Mocking is a common, but important, technique for avoiding dependencies that make your tests slow, fragile, and harder to understand. The basic idea is to replace dependencies with fake, or “mock”, versions of them that will provide just enough realism for the test. Python provides a library, unittest.mock, to help with this process by providing objects that can report how they were used, and easily pretend to have certain functionality (returning, for example, fixed values). To make this all more concrete, consider a simple problem where you want to test a function that makes a system call (in this case, os.remove):

# file: mymodule.py
import os
def rm(filename):
    os.remove(filename)

Normally, to test this you would create a temporary file, and then see if it got removed. However, with mocking you can take a different approach entirely:

# file: test_mymodule.py
from mymodule import rm
from unittest import mock

@mock.patch('mymodule.os')
def test_rm(mock_os):
    rm("any path")
    # test that rm called os.remove with the right parameters
    mock_os.remove.assert_called_with("any path")

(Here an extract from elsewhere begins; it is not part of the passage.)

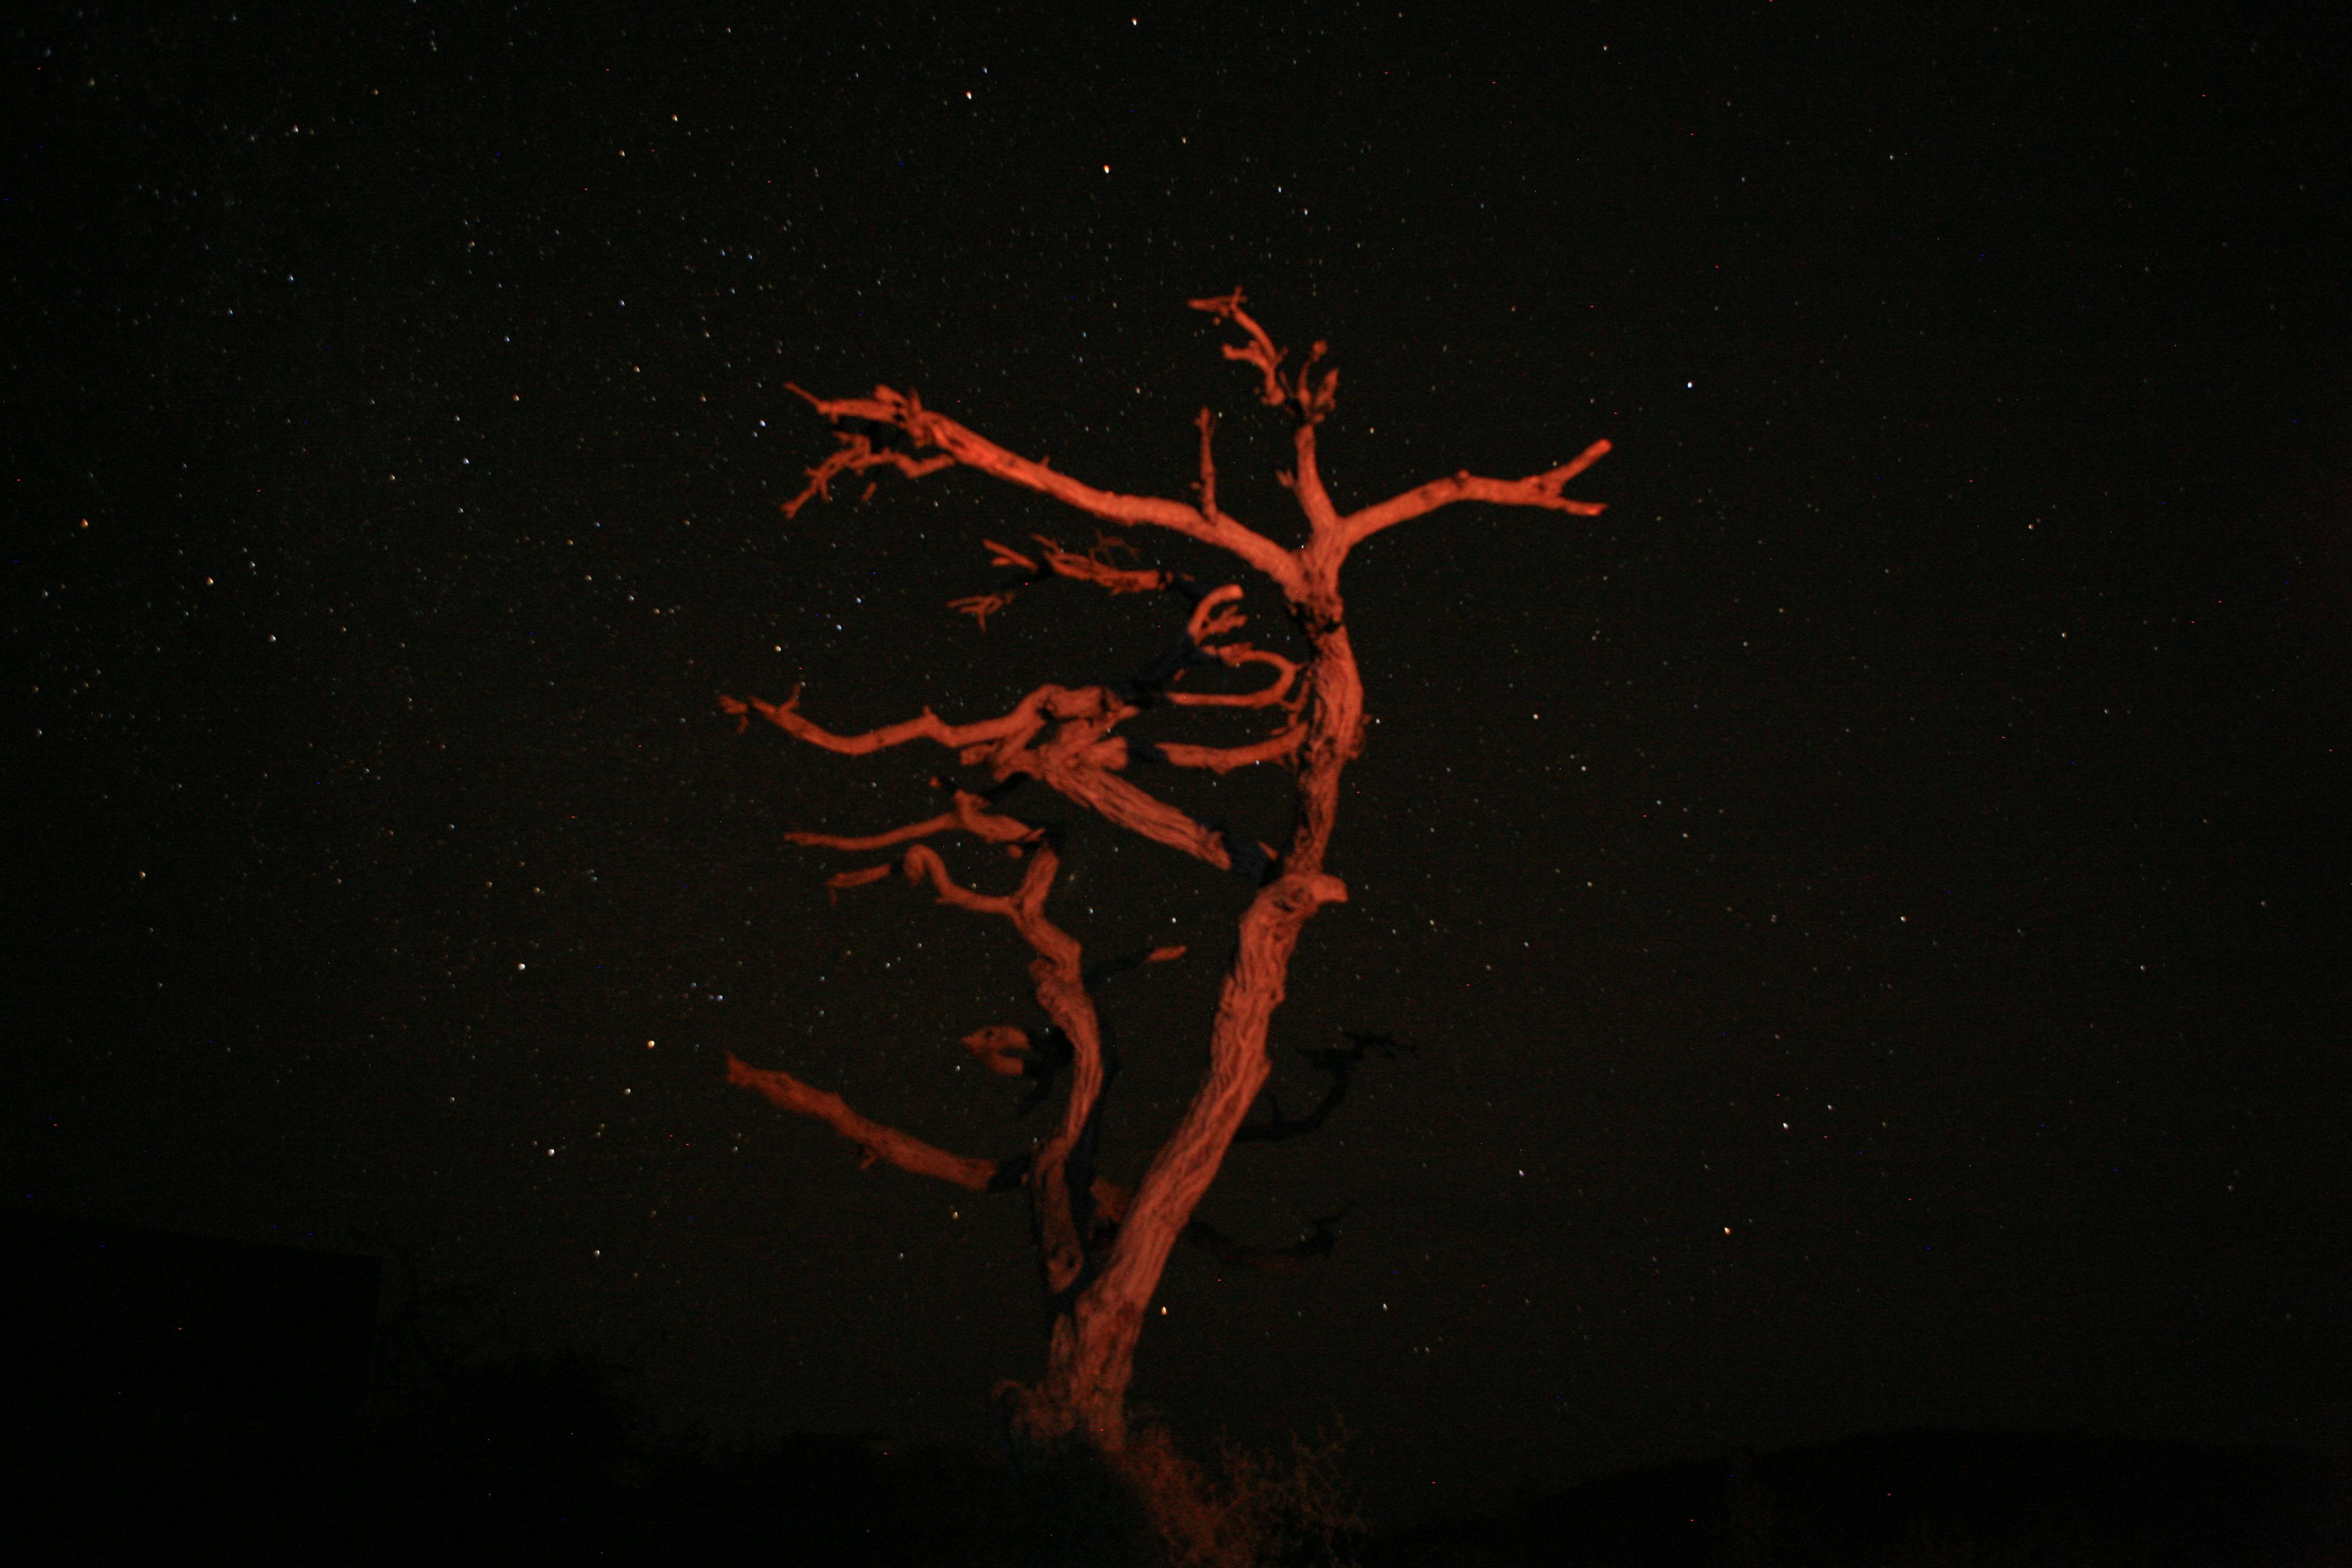 arbol iluminado por el fuego safari

Here, we have “patched” the os module that got imported into “mymodule” (note: had to do mymodule.os instead of simply os, or the one mymodule uses would not get patched) so that when rm calls os.remove, it is really calling a fake method in mock_os that does nothing but record how it was called. The patched module is passed in to the test as an argument so you can examine it. So, now, you are not doing any OS operations at all! You can imagine how this is very useful with large files or external services.

Integration tests

Integration tests exercise an end-to-end slice of the overall functionality. At this time, the integration tests are all housed in Jupyter Notebooks, which serve double-duty as examples and tutorials for end users. We execute these notebooks and verify that they run correctly to completion at least once before each new release of the software.

Code coverage

The “coverage” of the code refers to what percentage of the code (“lines covered” divided by total lines) is executed by the automated tests. This is important because passing automated tests is only meaningful if the automated tests cover the majority of the code’s behavior. This is not a perfect measure, of course, since simply executing a line of code under one condition does not mean it would execute correctly under all conditions. The code coverage is evaluated locally and then integrated with Github through a tool called Coveralls.